# Could a new partner arouse a high sex drive?



## southbound (Oct 31, 2010)

I know this question could depend on a lot of things and may seem like a duh question, but I'll try to give the specific situation. I read a lot here and other places about women with low sex drives and rarely wanting to have sex with their husband. I was never satisfied with the frequency of sex in my marriage either. Even though my wife seemed to be ok during, she just wasn't someone who seemed to put much priority on having sex; she didn't want anything too spicy, and it just didn't seem to float her boat. After she asked for a divorce just for the "I'm not happy" reasons, a lot of people asked if i thought she could be having an affair. I didn't think so because when one has an affair, there is usually sex involved at some point. I even have friends, both men and women, who say, "if she finds someone new, she better find a man who doesn't like sex, and good luck with that." My thinking is that she doesn't care for sex, but could a new person ignite a fire in her and cause her to want sex? I'm sure this might be the case in the beginning of a relationship, but if she has not seemed interested all these years, would a new sexual relationship probably turn sour after a while too? has anyone had experience with this?


----------



## Atholk (Jul 25, 2009)

Women can very much change their sexual response from one man to another. Plenty of husbands are utterly shocked to find out their wife who has minimal response to them, has a very high sexual response to a more attractive lover.

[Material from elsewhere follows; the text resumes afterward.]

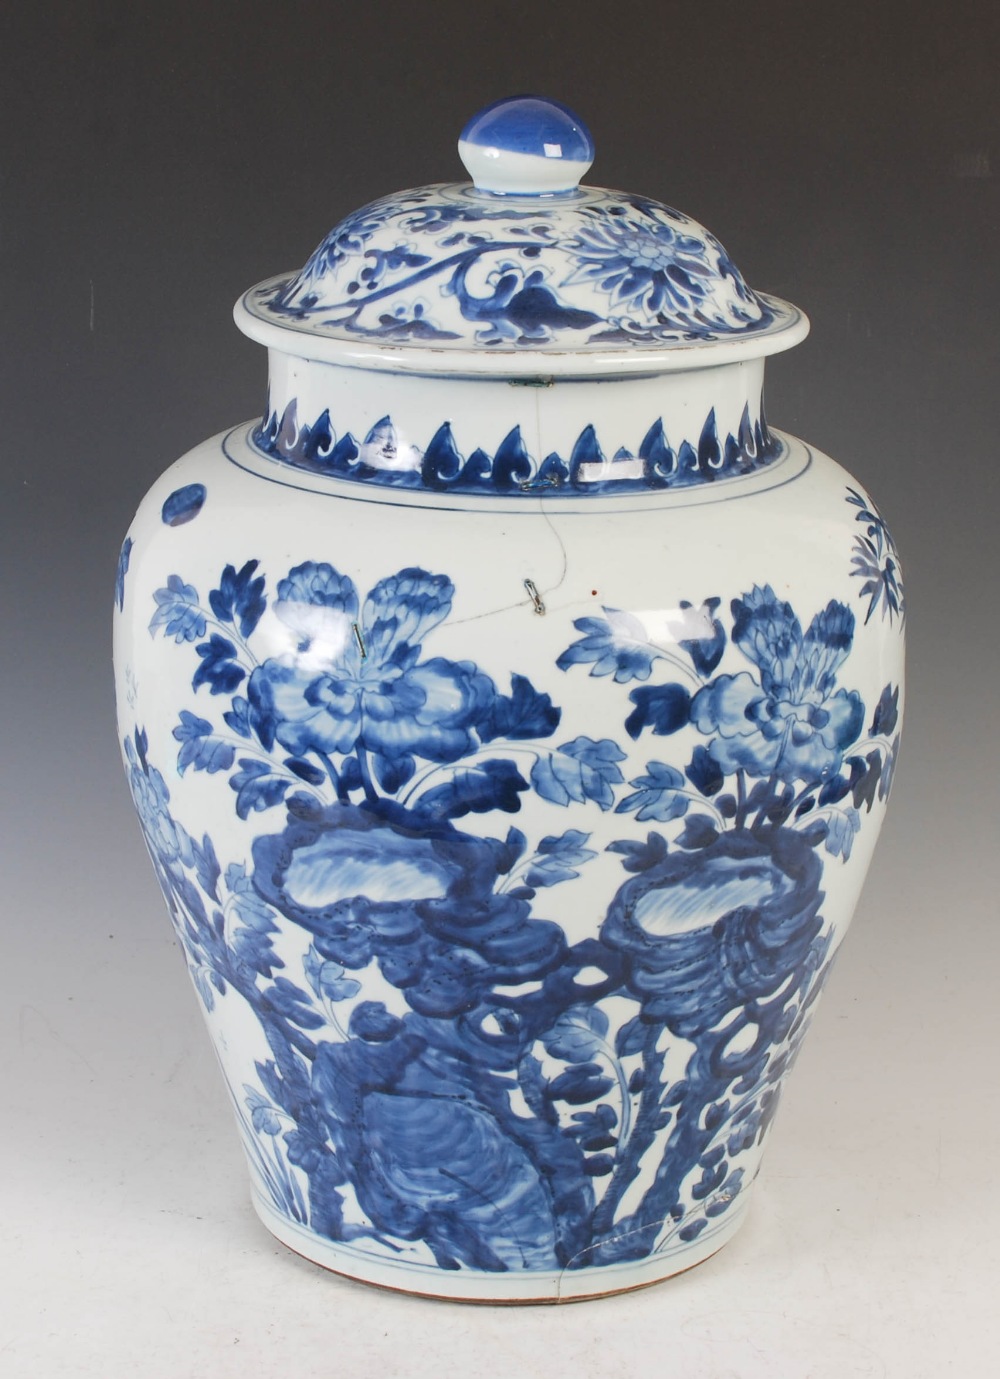 A Chinese porcelain blue and white jar and cover, probably late Ming Dynasty, decorated with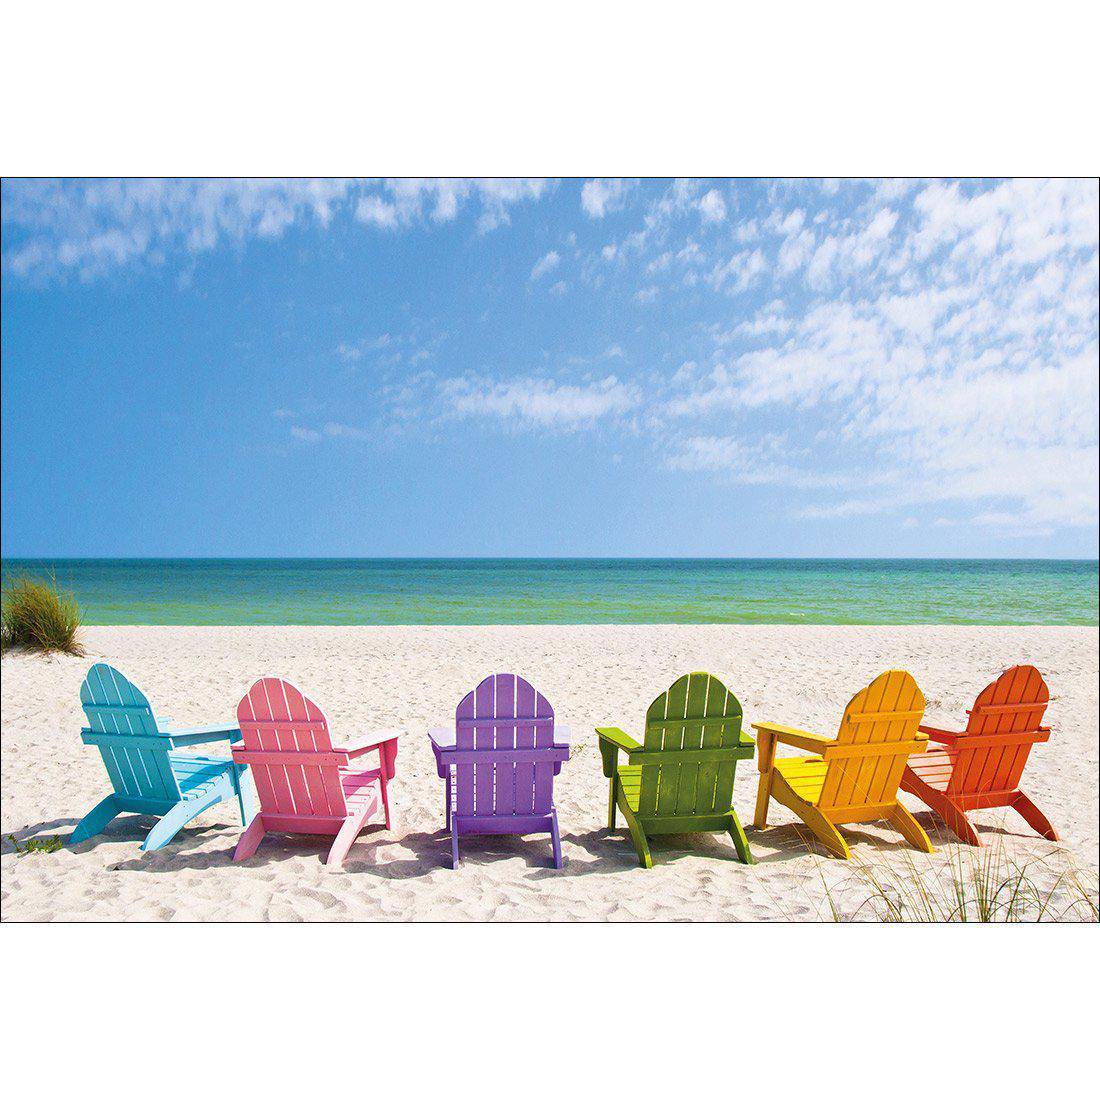 Pastel Chairs Canvas Art-Canvas-Wall Art Designs-45x30cm-Canvas - No Frame-Wall Art Designs

It's not a calcuated move on the part of the women though. It's all fairly unconscious.


----------



## MsLonely (Sep 23, 2010)

Because women need connection to have sex, by hormone itself isn't enough to turn on!
We also need satisfaction and happiness in the marriage to enjoy sex with husbands!
Another realistic issue is many men don't understand when the husband fails to make her reach her climax or she's not satisfied, she will eventually lose her sexual interests in him. The last surprise but not the least is, lots of good women love dirty sex as well.
_Posted via Mobile Device_


----------



## MsLonely (Sep 23, 2010)

A woman with low sex drive has a dry puxxy as well, lacking of loving juice.
So you know how to understand her sex drive correctly.
If there's no connection, even she's horny with lots of loving juice. She won't come to you. So make sure you're always fun & attractive! 
_Posted via Mobile Device_


----------



## lbell629 (May 10, 2010)

southbound - I would answer yes to both your questions - the feelings of a new relationship, of the pursuit and getting to know each other could ignite your wife to want to have sex more frequently than with you, and yes, it too can cool down as the years go on if she stays with the same man - possibly.


----------